━━ MATERIAL FOR THIS TASK

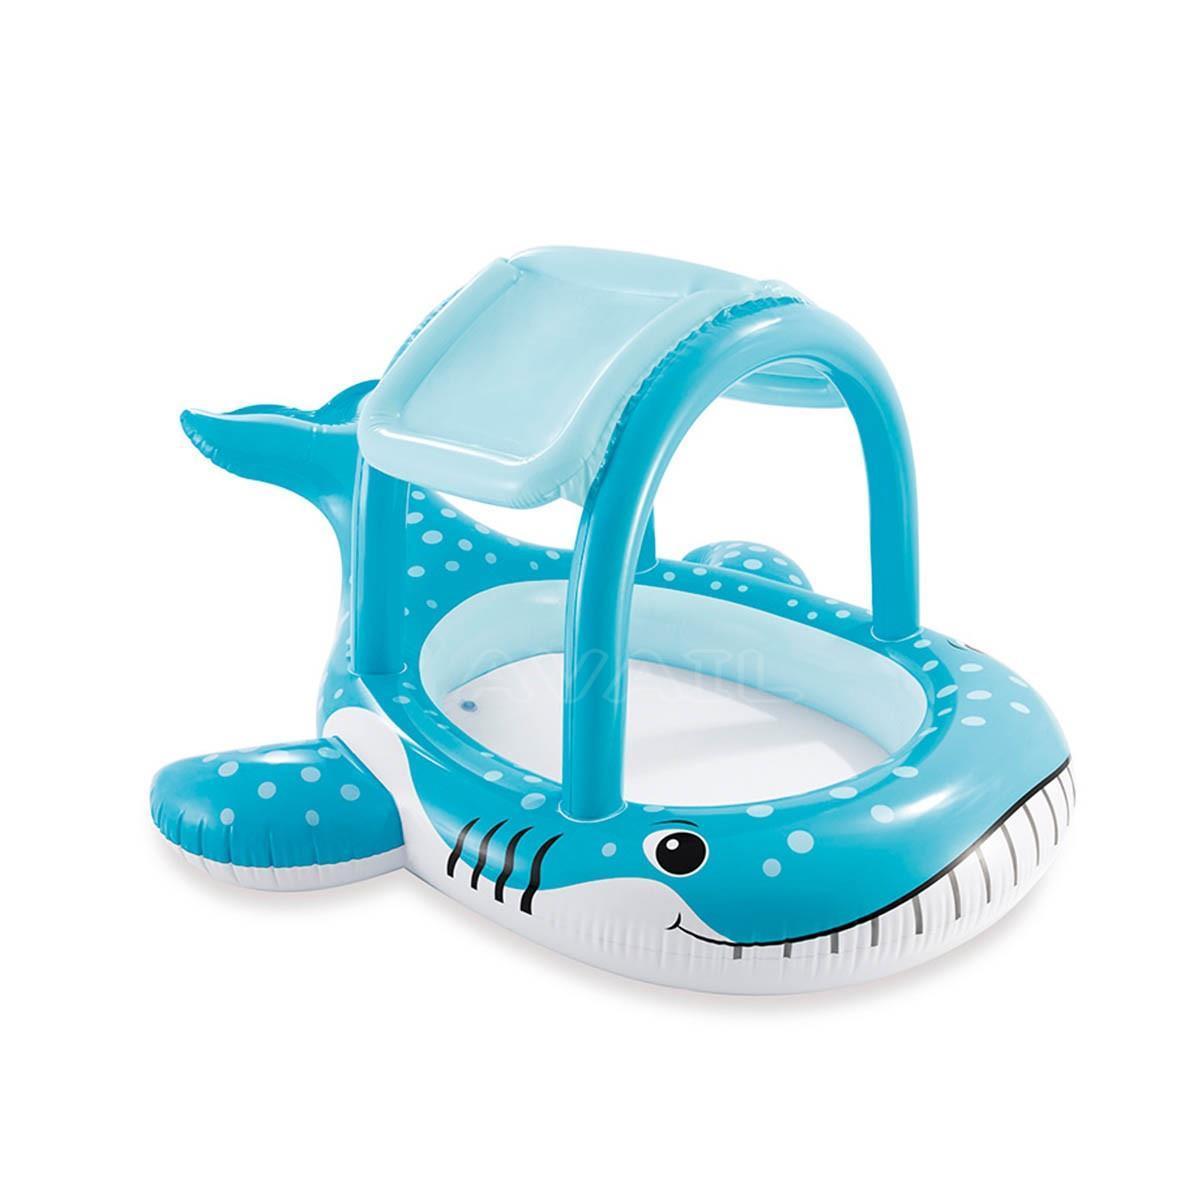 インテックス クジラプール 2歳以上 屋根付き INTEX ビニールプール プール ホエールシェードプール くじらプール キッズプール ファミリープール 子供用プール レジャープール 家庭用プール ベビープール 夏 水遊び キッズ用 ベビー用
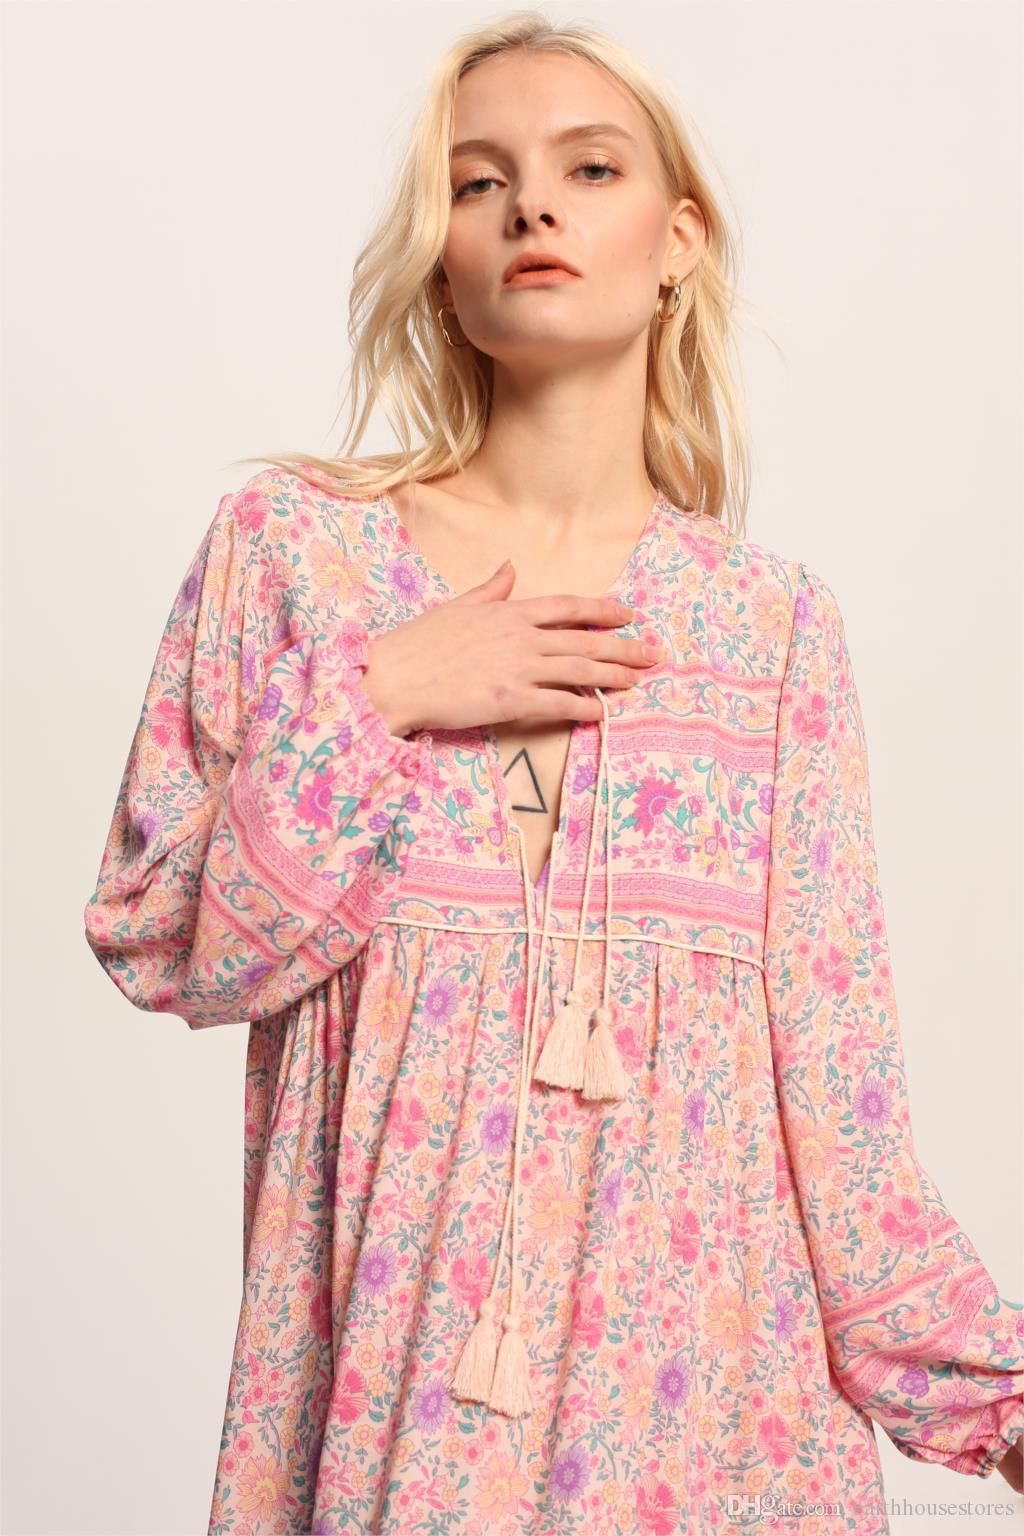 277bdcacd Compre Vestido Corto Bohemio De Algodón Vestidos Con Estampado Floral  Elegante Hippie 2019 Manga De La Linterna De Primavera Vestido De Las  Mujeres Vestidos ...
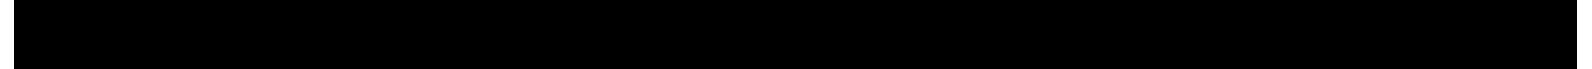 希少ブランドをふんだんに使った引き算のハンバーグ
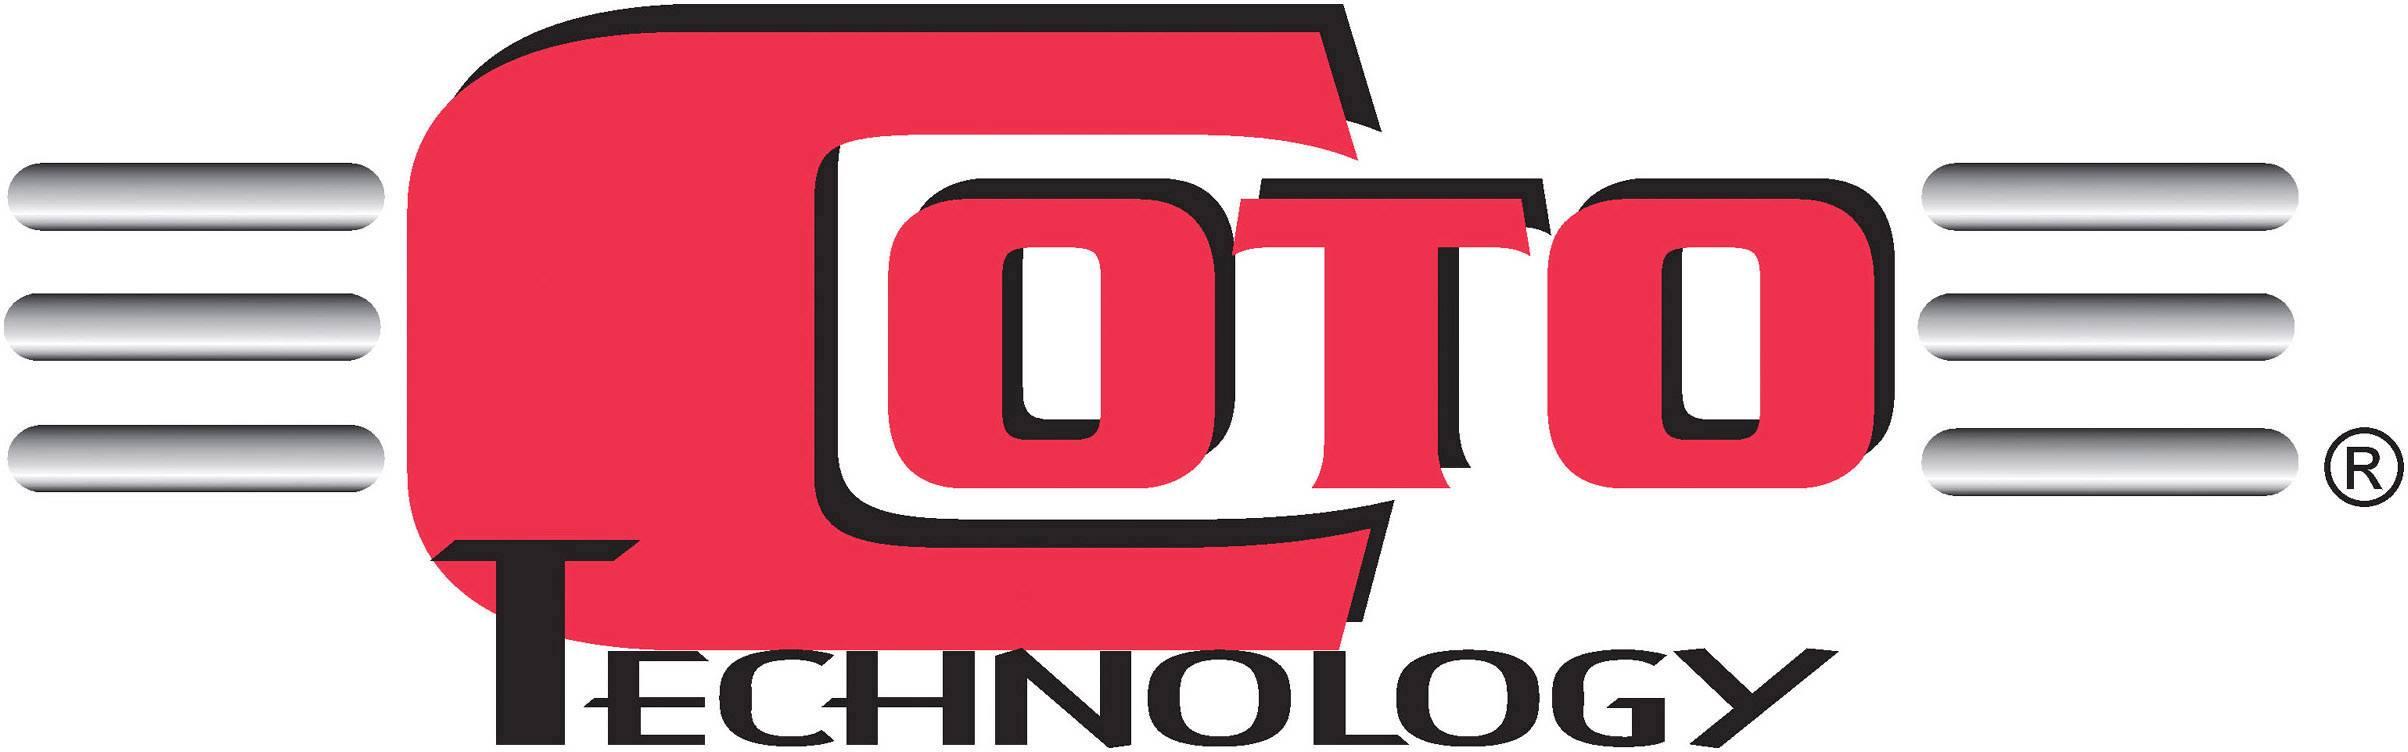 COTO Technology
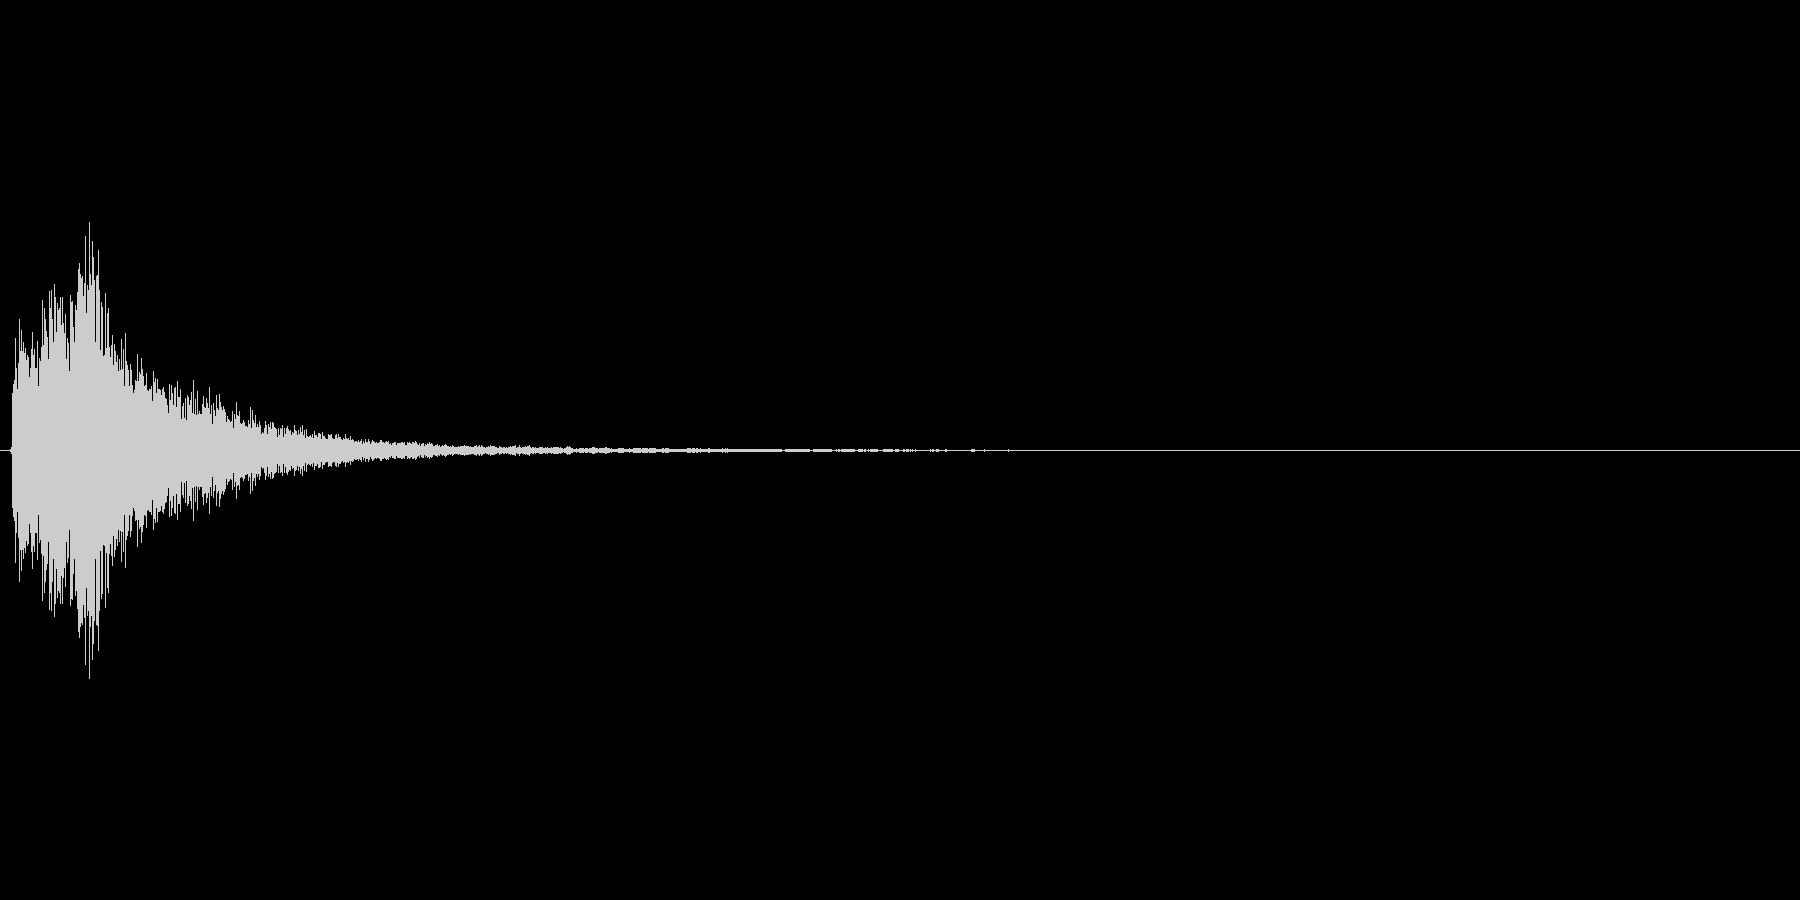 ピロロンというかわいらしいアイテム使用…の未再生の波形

━━━━

- TASK
The entries above should be given again exactly, minus any pictures.

- RESULT
 インテックス クジラプール 2歳以上 屋根付き INTEX ビニールプール プール ホエールシェードプール くじらプール キッズプール ファミリープール 子供用プール レジャープール 家庭用プール ベビープール 夏 水遊び キッズ用 ベビー用
 277bdcacd Compre Vestido Corto Bohemio De Algodón Vestidos Con Estampado Floral  Elegante Hippie 2019 Manga De La Linterna De Primavera Vestido De Las  Mujeres Vestidos ...
 希少ブランドをふんだんに使った引き算のハンバーグ
 COTO Technology
 ピロロンというかわいらしいアイテム使用…の未再生の波形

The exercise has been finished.